Earlier the shape of the dataset was (401604,8) and now after removal of cancelled orders it has been reduced to (392732, 8)

In [21]:
cust_data.describe()

Unnamed: 0,Quantity,UnitPrice,CustomerID
count,392732.0,392732.0,392732.0
mean,13.153718,3.125596,15287.734822
std,181.58842,22.240725,1713.567773
min,1.0,0.0,12346.0
25%,2.0,1.25,13955.0
50%,6.0,1.95,15150.0
75%,12.0,3.75,16791.0
max,80995.0,8142.75,18287.0


We can see that the min values are now positive but the unitprice here cannot be 0 because it results in free distribution

In [22]:

cust_data[cust_data['UnitPrice']==0]

Unnamed: 0,InvoiceNo,StockCode,Description,Quantity,InvoiceDate,UnitPrice,CustomerID,Country
9302,537197,22841,ROUND CAKE TIN VINTAGE GREEN,1,12/5/10 14:02,0.0,12647.0,Germany
33576,539263,22580,ADVENT CALENDAR GINGHAM SACK,4,12/16/10 14:36,0.0,16560.0,United Kingdom
40089,539722,22423,REGENCY CAKESTAND 3 TIER,10,12/21/10 13:45,0.0,14911.0,EIRE
47068,540372,22090,PAPER BUNTING RETROSPOT,24,1/6/11 16:41,0.0,13081.0,United Kingdom
47070,540372,22553,PLASTERS IN TIN SKULLS,24,1/6/11 16:41,0.0,13081.0,United Kingdom
56674,541109,22168,ORGANISER WOOD ANTIQUE WHITE,1,1/13/11 15:10,0.0,15107.0,United Kingdom
86789,543599,84535B,FAIRY CAKES NOTEBOOK A6 SIZE,16,2/10/11 13:08,0.0,17560.0,United Kingdom
130188,547417,22062,CERAMIC BOWL WITH LOVE HEART DESIGN,36,3/23/11 10:25,0.0,13239.0,United Kingdom
139453,548318,22055,MINI CAKE STAND HANGING STRAWBERY,5,3/30/11 12:45,0.0,13113.0,United Kingdom
145208,548871,22162,HEART GARLAND RUSTIC PADDED,2,4/4/11 14:42,0.0,14410.0,United Kingdom


There are some values which has 0 unit price we need to drop them.

In [23]:
cust_data = cust_data[cust_data['UnitPrice']>0]

cust_data.describe()

Unnamed: 0,Quantity,UnitPrice,CustomerID
count,392692.0,392692.0,392692.0
mean,13.119702,3.125914,15287.843865
std,180.492832,22.241836,1713.539549
min,1.0,0.001,12346.0
25%,2.0,1.25,13955.0
50%,6.0,1.95,15150.0
75%,12.0,3.75,16791.0
max,80995.0,8142.75,18287.0


In [24]:
cust_data['UnitPrice'].describe()

count    392692.000000
mean          3.125914
std          22.241836
min           0.001000
25%           1.250000
50%           1.950000
75%           3.750000
max        8142.750000
Name: UnitPrice, dtype: float64

We can see that the min value of unit price is slightly changed..

cust_data.shape

The data is almost cleaned and ready for EDA

# **Feature Engineering**

#### Feature engineering is a machine learning technique that leverages data to create new variables that aren’t in the training set.
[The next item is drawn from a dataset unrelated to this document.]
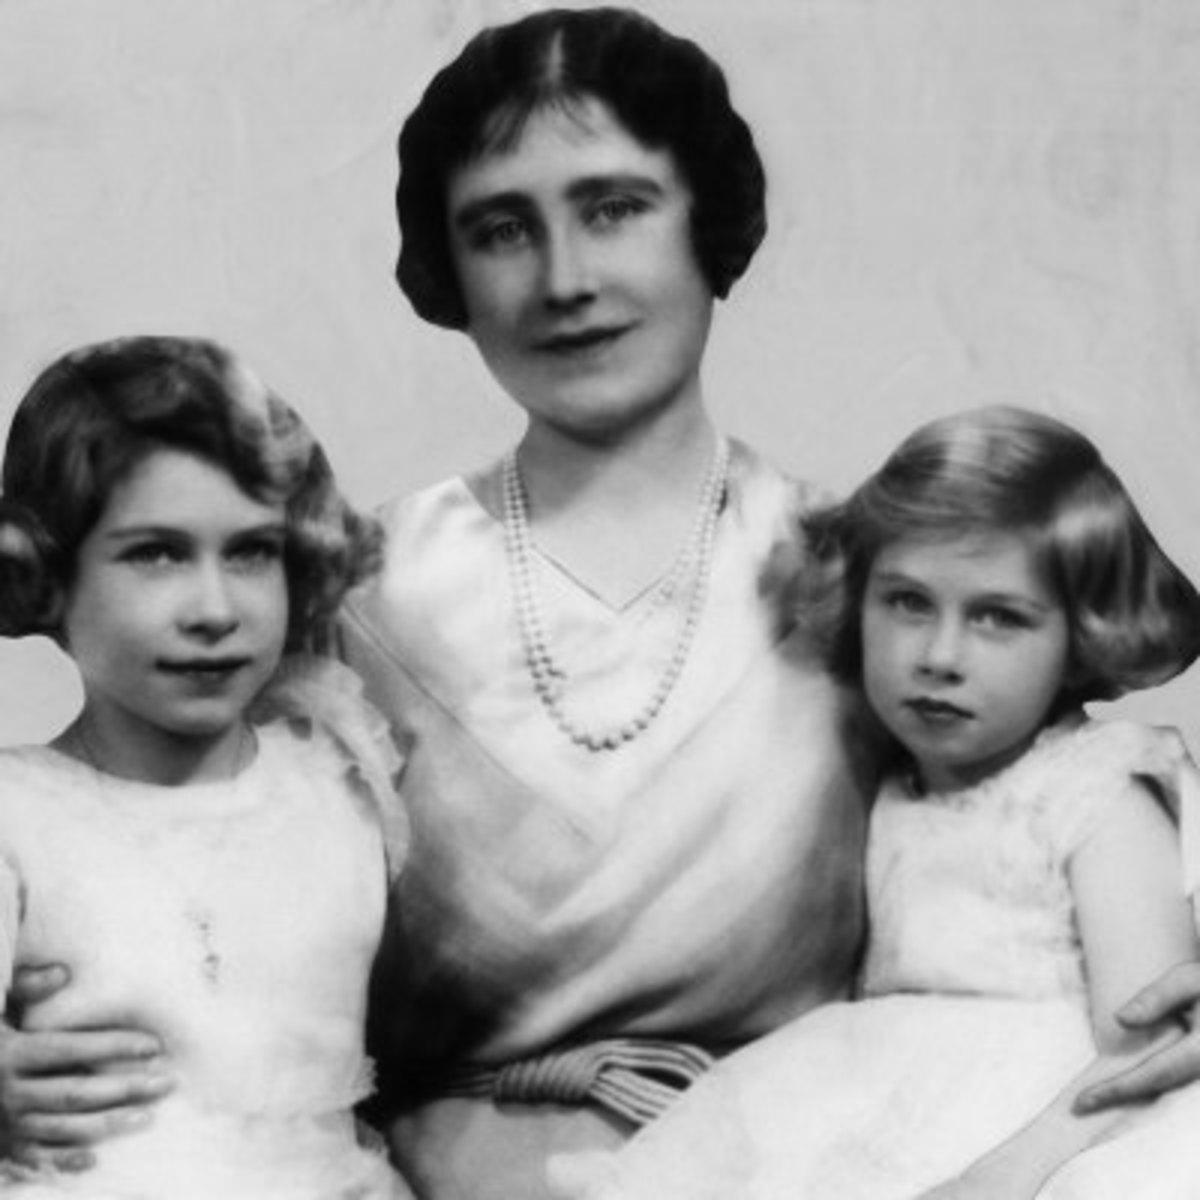 Queen Mother, Princess Elizabeth (future Queen), and Princes Margaret courtesy of allposters.com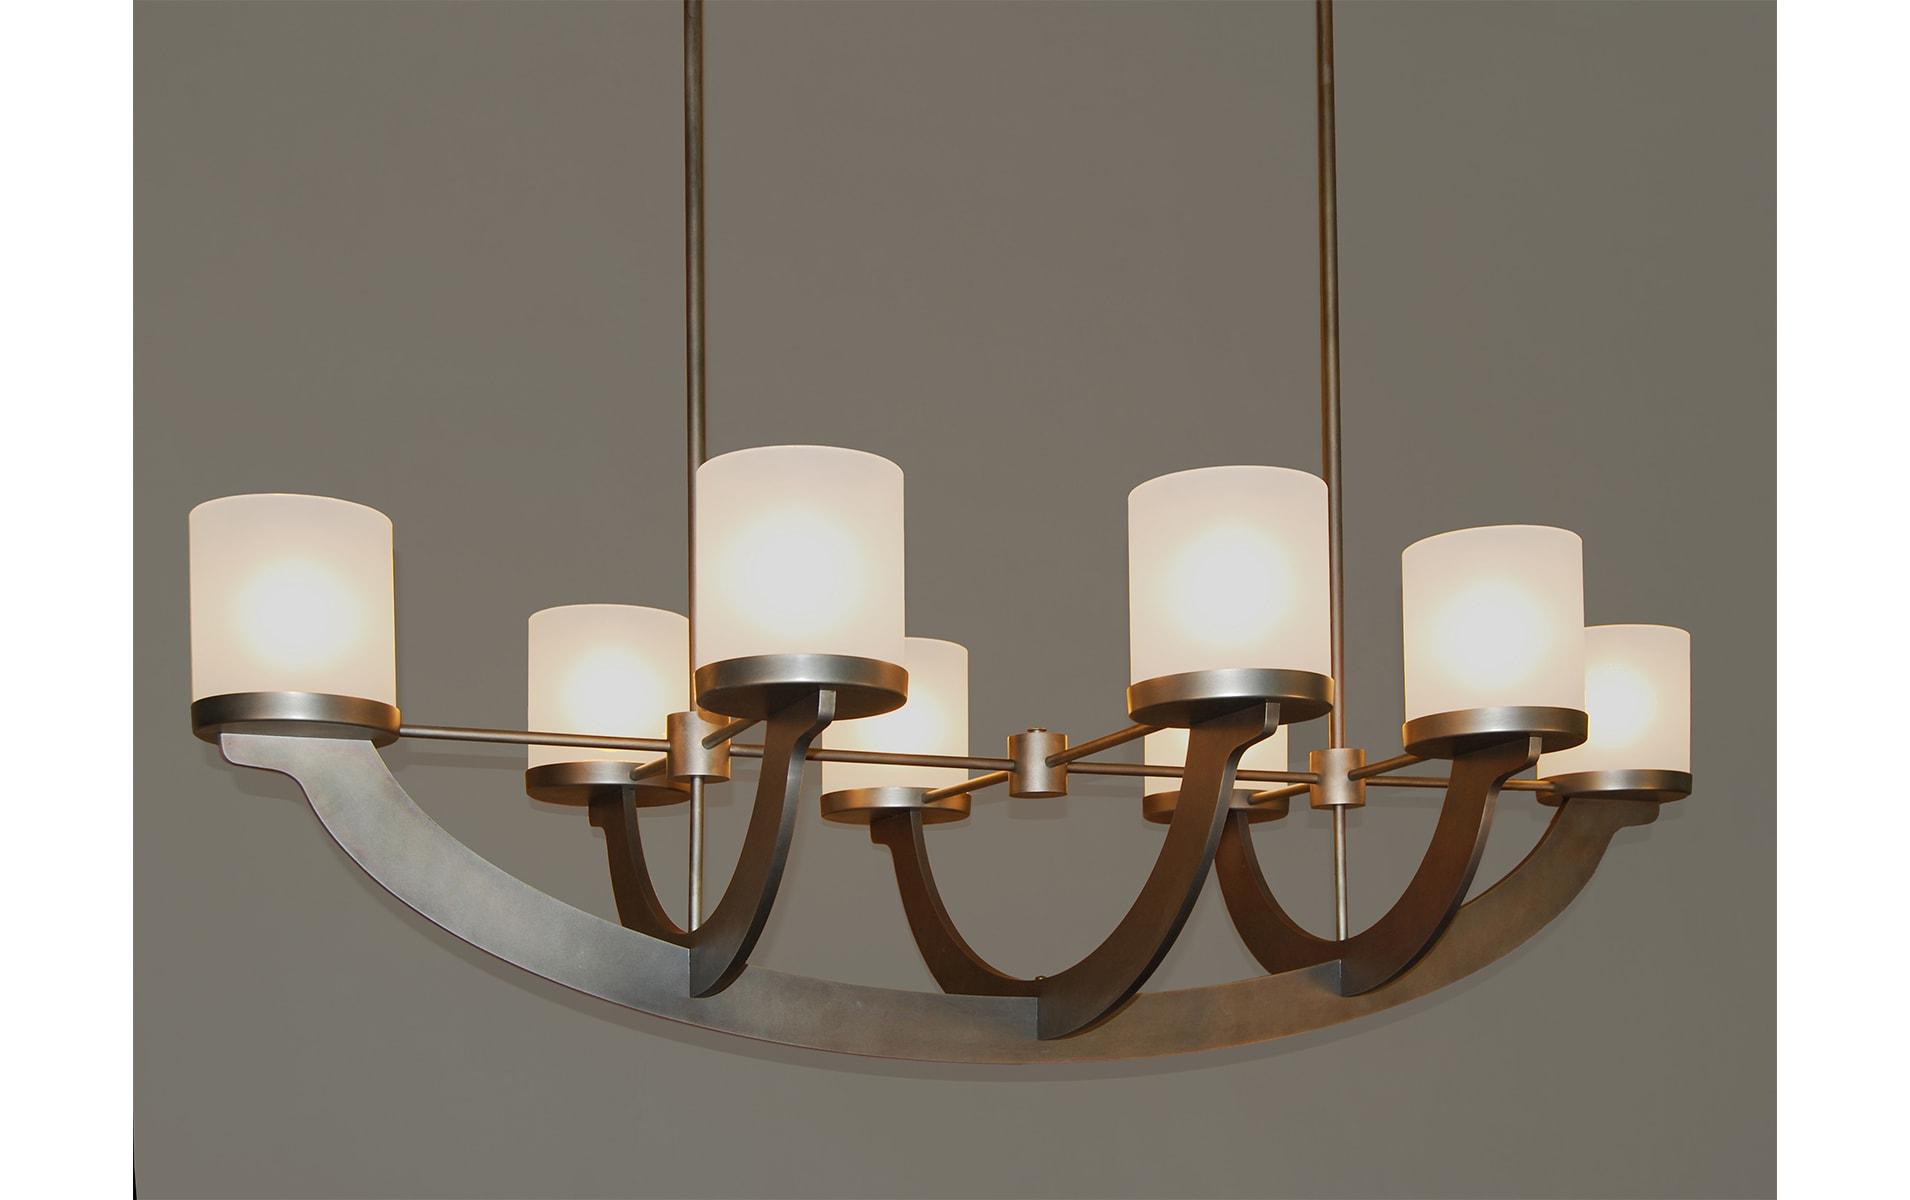 Baca eight arm chandelier tatiana tafur baca eight arm chandelier arubaitofo Choice Image

It can produce new features for both supervised and unsupervised learning, with the goal of simplifying and speeding up data transformations while also enhancing model accuracy.

In [None]:
cust_data['InvoiceDate'] = cust_data['InvoiceDate'].apply(lambda x: pd.to_datetime(x))


In [None]:
cust_data['InvoiceDate'].dtypes

In [None]:
# create some new features from invoice date
cust_data['day'] = cust_data['InvoiceDate'].dt.day_name()
cust_data['year'] = cust_data['InvoiceDate'].apply(lambda x: x.year)
cust_data['month_num'] = cust_data['InvoiceDate'].apply(lambda x: x.month)
cust_data['day_num'] = cust_data['InvoiceDate'].apply(lambda x: x.day)
cust_data['hour'] = cust_data['InvoiceDate'].apply(lambda x: x.hour)
cust_data['minute'] = cust_data['InvoiceDate'].apply(lambda x: x.minute)
cust_data['month'] = cust_data['InvoiceDate'].dt.month_name()

In [None]:
cust_data['Total_amount'] = cust_data['UnitPrice']*cust_data['Quantity']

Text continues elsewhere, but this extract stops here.